V. Poetic vs. RL & the Future of AI Development
Poetic’s approach is presented as a distinct paradigm from Reinforcement Learning (RL). While RL has its place, Poetic’s recursive self-improvement system offers a different S-curve of improvement. Each model and the Poetic system itself will have its own S-curve, continually shifting higher as both the underlying models and the meta-system evolve. Fischer suggests this could ultimately lead to Artificial General Intelligence (AGI) or even superintelligence. He jokes that Poetic’s “stilts” might allow them to “hit the ceiling first.”
VI. From Portable to Poetic: Fischer’s Journey
Fischer recounts his journey from founding a mobile app development company (Portable), which was acquired by Google, to becoming an AI researcher at Google and DeepMind. He initially explored robotics but quickly became passionate about machine learning. This transition reflects a broader trend of engineers shifting towards AI and recognizing its transformative potential.
VII. Call to Action & Early Access
Poetic is currently offering early access to its platform. Startups and companies facing challenging AI problems are encouraged to sign up at poetic.ai to learn more and potentially collaborate. Fischer emphasizes that Poetic aims to empower developers to build on top of the latest LLMs and achieve results comparable to leading AI labs like Anthropic and Google.
Technical Terms:
- LLM (Large Language Model): A type of AI model trained on massive amounts of text data, capable of generating human-like text.
- YC (Y Combinator): A startup accelerator program.
- Fine-tuning: Adjusting the parameters of a pre-trained LLM using a smaller, task-specific dataset.
- Prompt Engineering: Designing effective prompts to elicit desired responses from LLMs.
- Compute: The computational resources required to train and run AI models.
- Open Weights Model: An LLM whose parameters are publicly available.

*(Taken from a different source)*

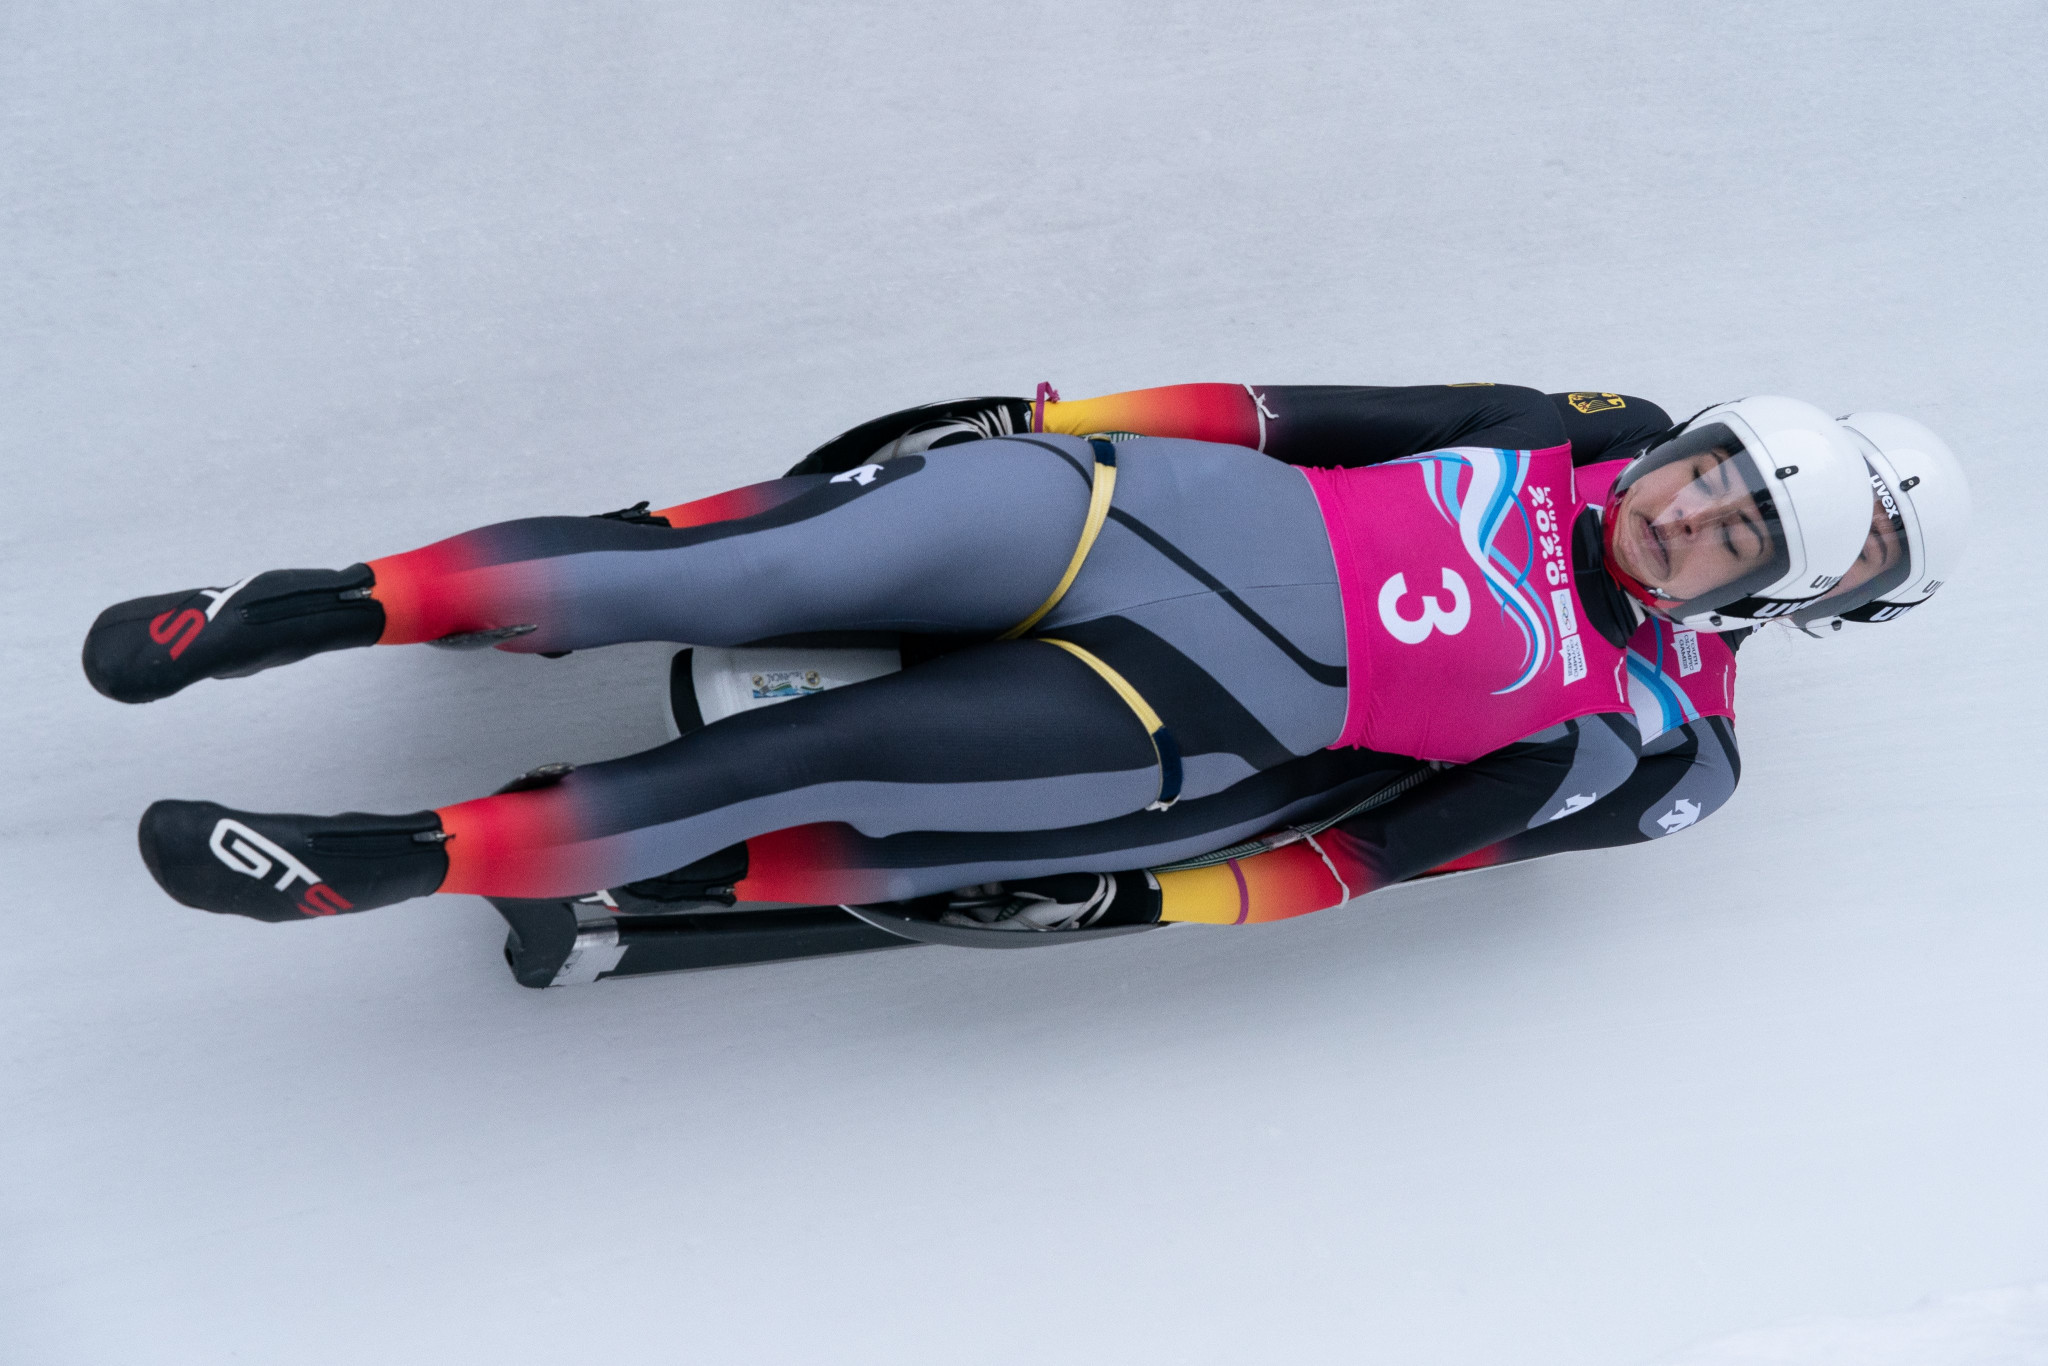 Women's doubles luge to be added to FIL Junior World Cup circuit

- Verification: The process of evaluating the accuracy of an AI model’s responses.
- Agentic Company: A company that leverages AI agents to automate tasks and processes.
- RNN (Recurrent Neural Network): A type of neural network often used for sequential data processing.

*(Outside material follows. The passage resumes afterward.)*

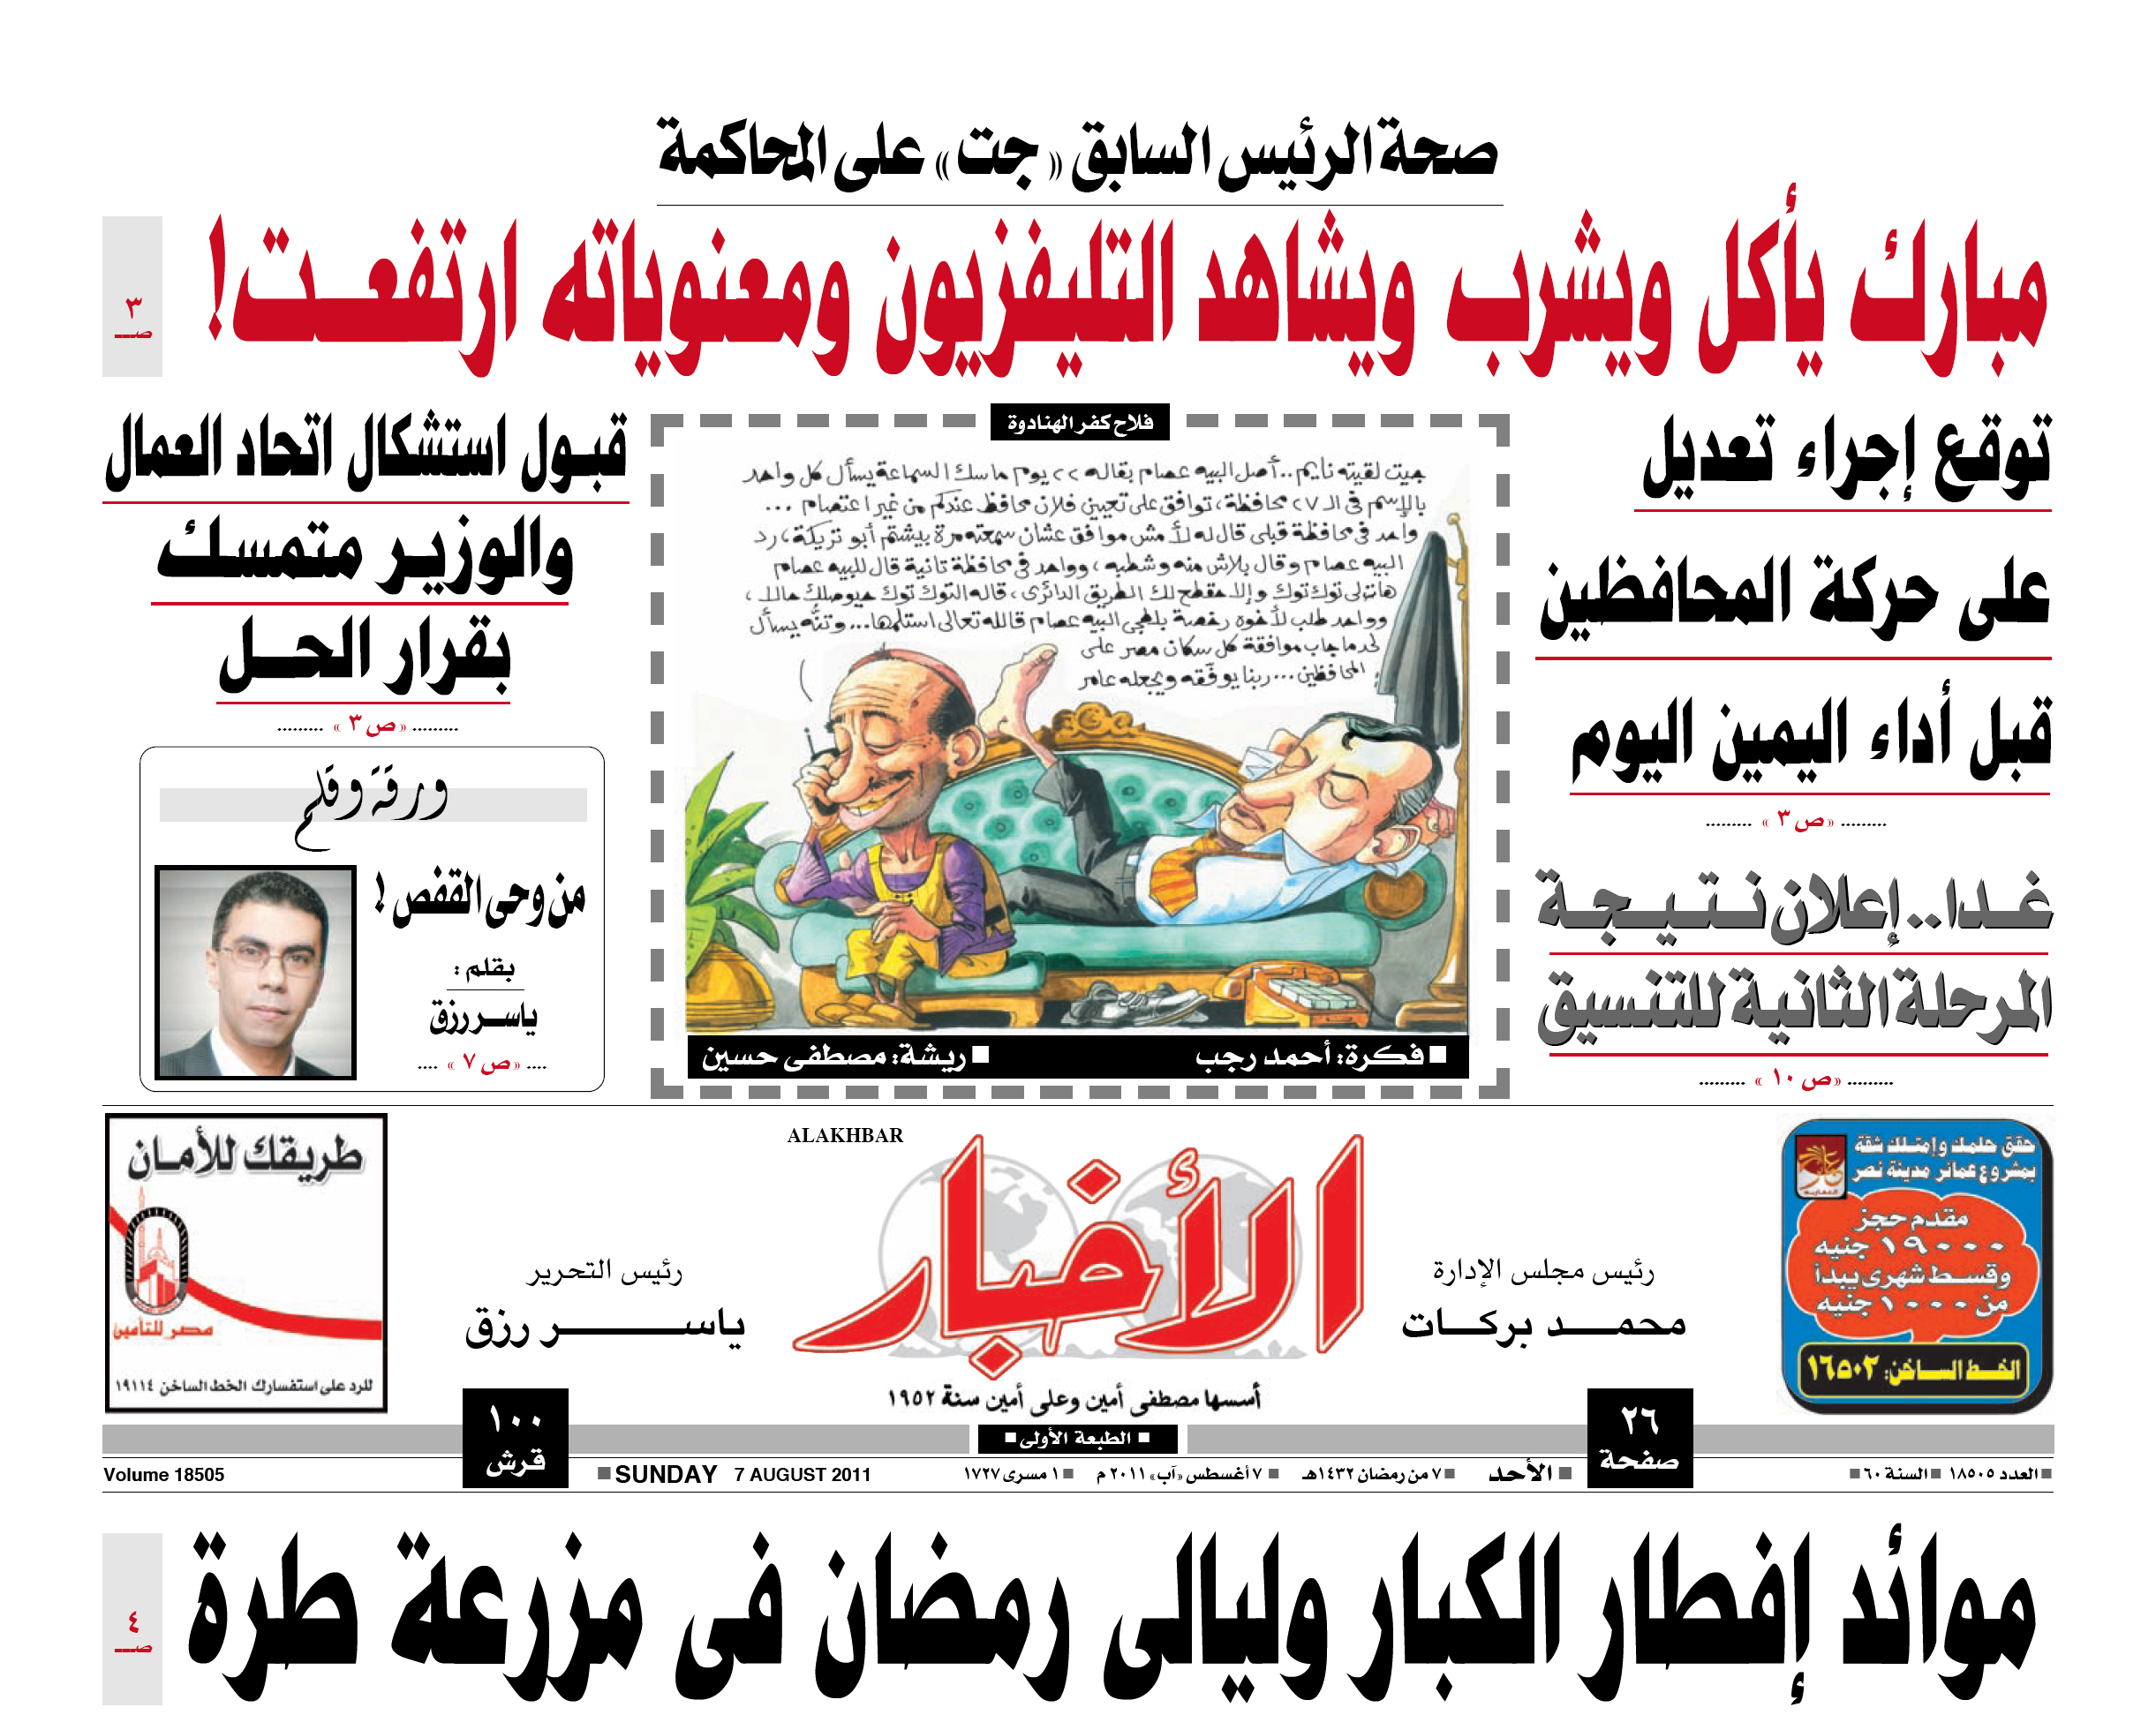 Mubarak's health as reported on the front page of the Egyptian daily Al-Akhbar, August 7, 2011.

This summary aims to provide a detailed and accurate representation of the YouTube video transcript, preserving the original language and technical precision. It focuses on actionable insights and specific details, offering a comprehensive overview of Poetic’s technology and its potential impact on the future of AI development.
Chat with this Video
AI-PoweredHi! I can answer questions about this video "The Powerful Alternative To Fine-Tuning". What would you like to know?